EMANUELA BRUNELLI NELLE PAROLE DELLA COLLEGA CARLA GENTILI

Cara Emanuela,

scriverti oggi queste parole (non so ancora quali) mi risulta abbastanza strano, “innaturale” (è la parola esatta), forse perché scrivere/parlare a te è un po’ come scrivere/parlare a me stessa…

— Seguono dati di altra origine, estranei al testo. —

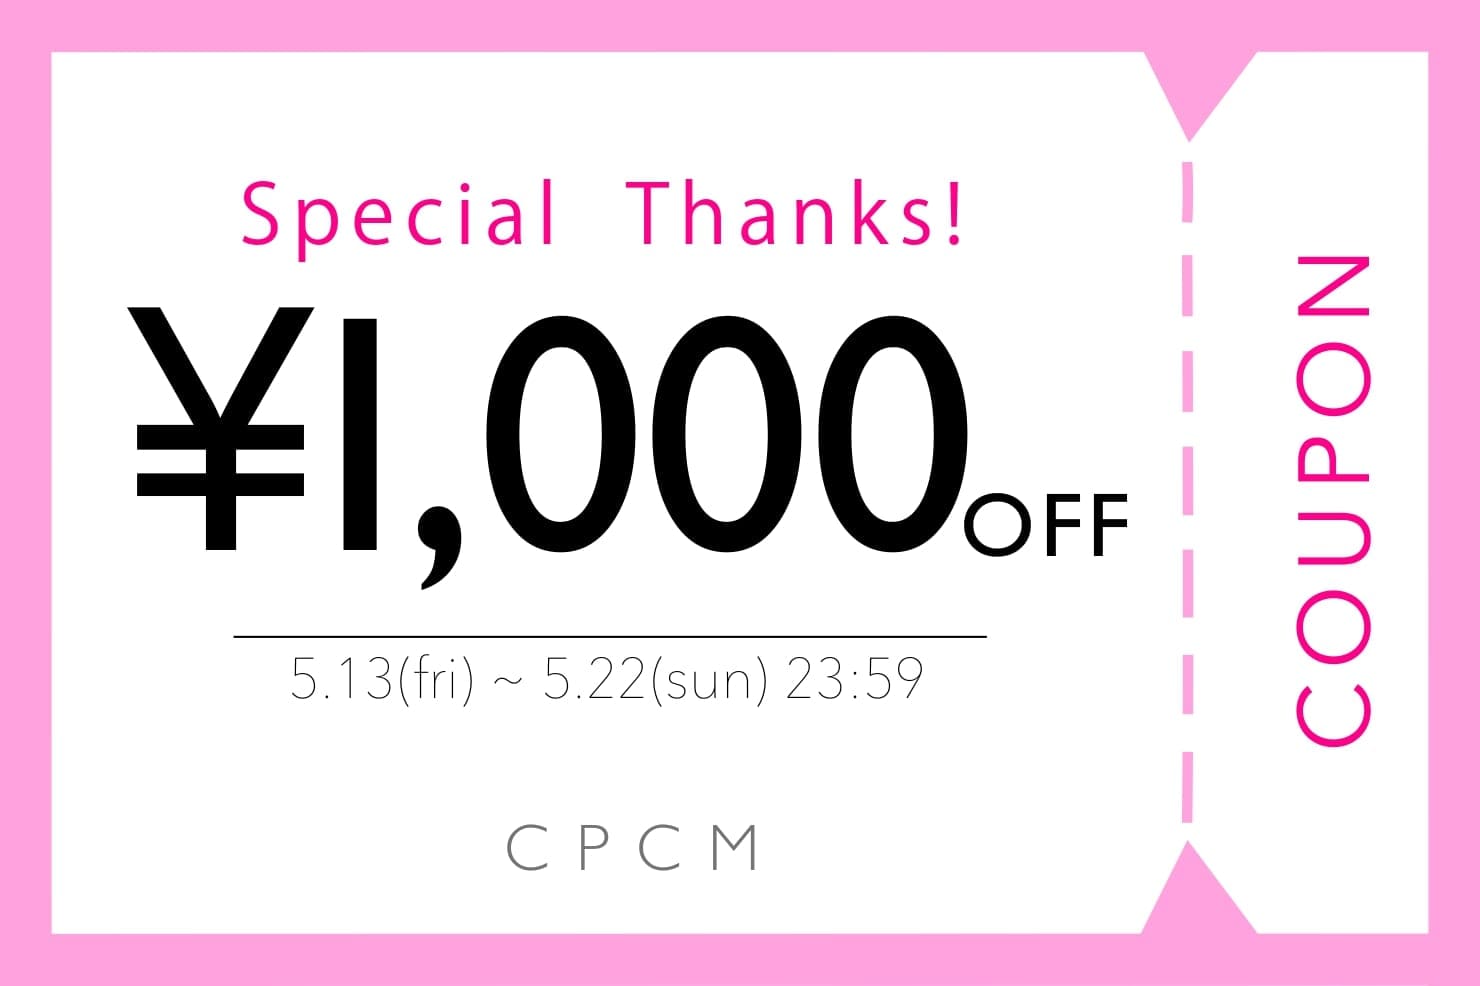 【CPCM】Special Thanks ￥1,000円OFFクーポン
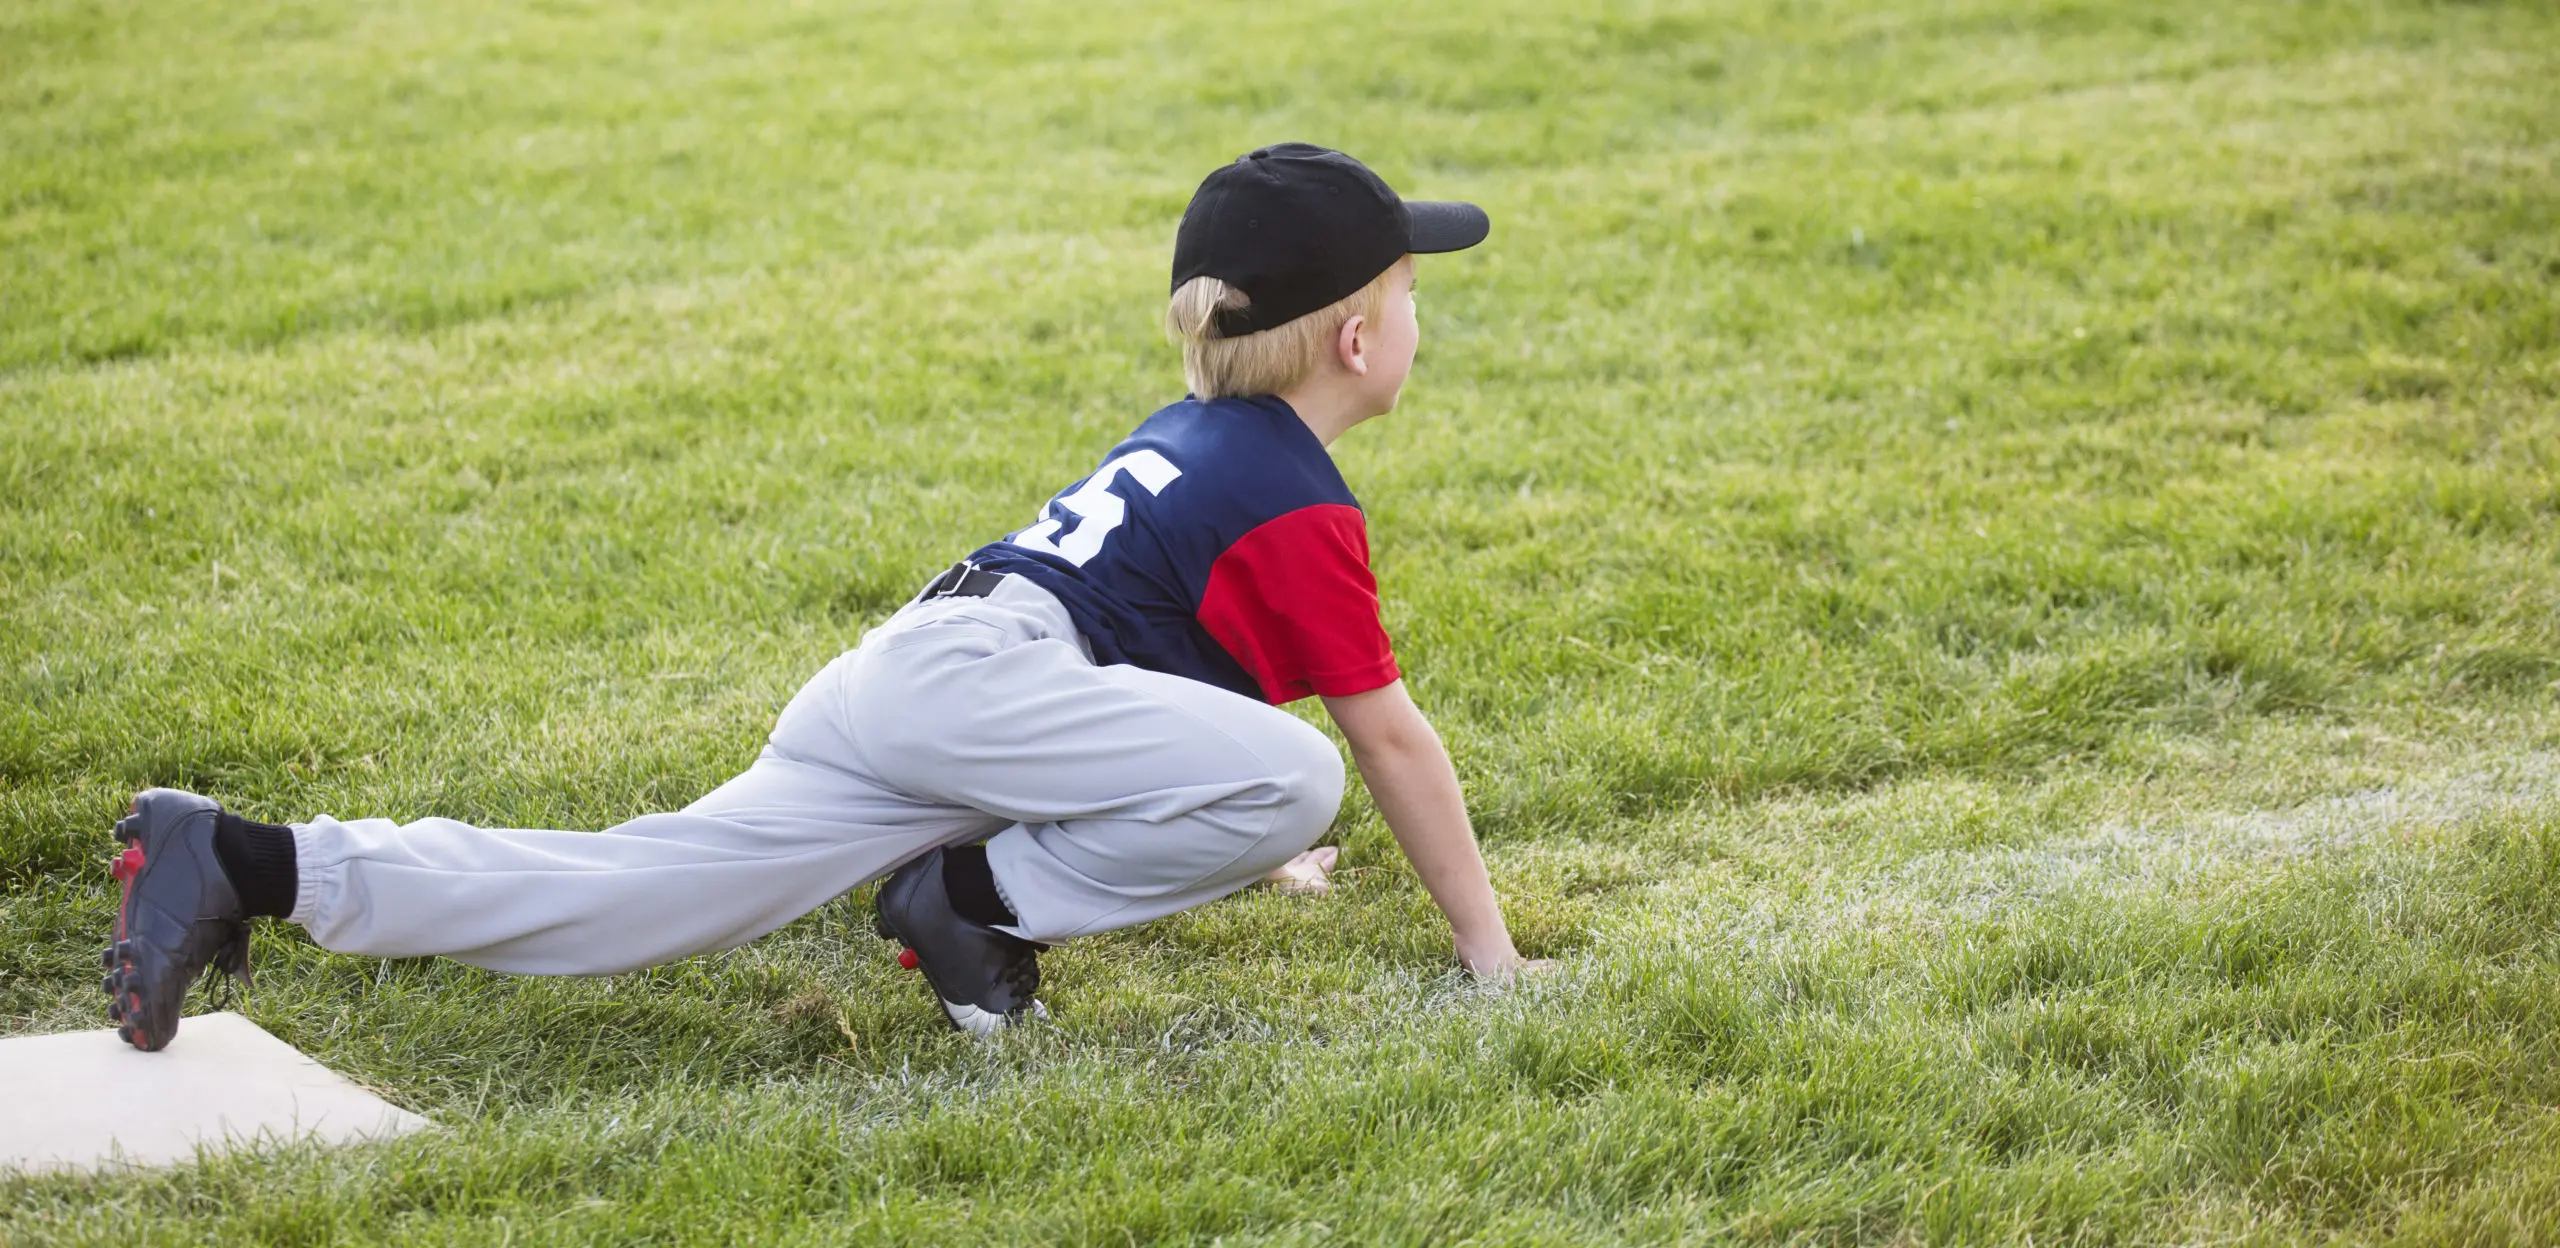 Featured image: Improve Your Baseball & Softball Performance With These 4 Stretches

brunelli-1Com’è possibile?! Proprio io, la “ragazza del secolo scorso” (il secolo breve), irriducibile ad ogni “maturazione” (ad ogni “Bildung”), ad ogni normalizzazione, ad ogni rassegnazione, ad ogni accomodamento, ad ogni… (invecchiamento…rottamazione…)… Proprio io (che «non sono una signora, una con tante stelle nella vita, ma una per cui la guerra non è mai finita»…), proprio io dovrei astenermi dall’andare al fronte, proprio io dovrei abbandonare lo scudo, o il campo di battaglia… là dove si continua a combattere una guerra decisiva per la civiltà contro la barbarie, per la bellezza, l’intelligenza, la ragione, la scienza, la passione, l’ideale, la giustizia, la libertà, l’uguaglianza, la fratellanza, l’umanità (humanitas) , l’“umana”–“amante compagnia”, la luce contro le tenebre… (come faranno i nostri eroi, non dico a vincere, ma a resistere senza di me?)… Proprio io dovrei rinunciare a salire, ogni mattina, «con gravissimo fascio in su le spalle», verso l’unico luogo di questo mondo sublunare dove regna eterna primavera, dove l’energia della vita che si rinnova cancella o rende sopportabile l’ombra della sera, dove la forza attrattiva del futuro rende giovane anche il passato, lo rende splendido, luminoso, perché riflesso negli occhi “ignari” dei nostri ragazzi (ragazzi di oggi, ragazzi di ieri, giovani dèi di un mondo sempre nuovo e antico a un tempo)… L’unico luogo del mondo dove la memoria diventa attesa, dove la nostalgia si trasforma in speranza, dove il tempo non distrugge ma costruisce e, mentre vola via in un attimo, si dilata e si intensifica al punto che questi anni (quelli della Scuola, intendo) conservano per/in chiunque l’incanto del mito.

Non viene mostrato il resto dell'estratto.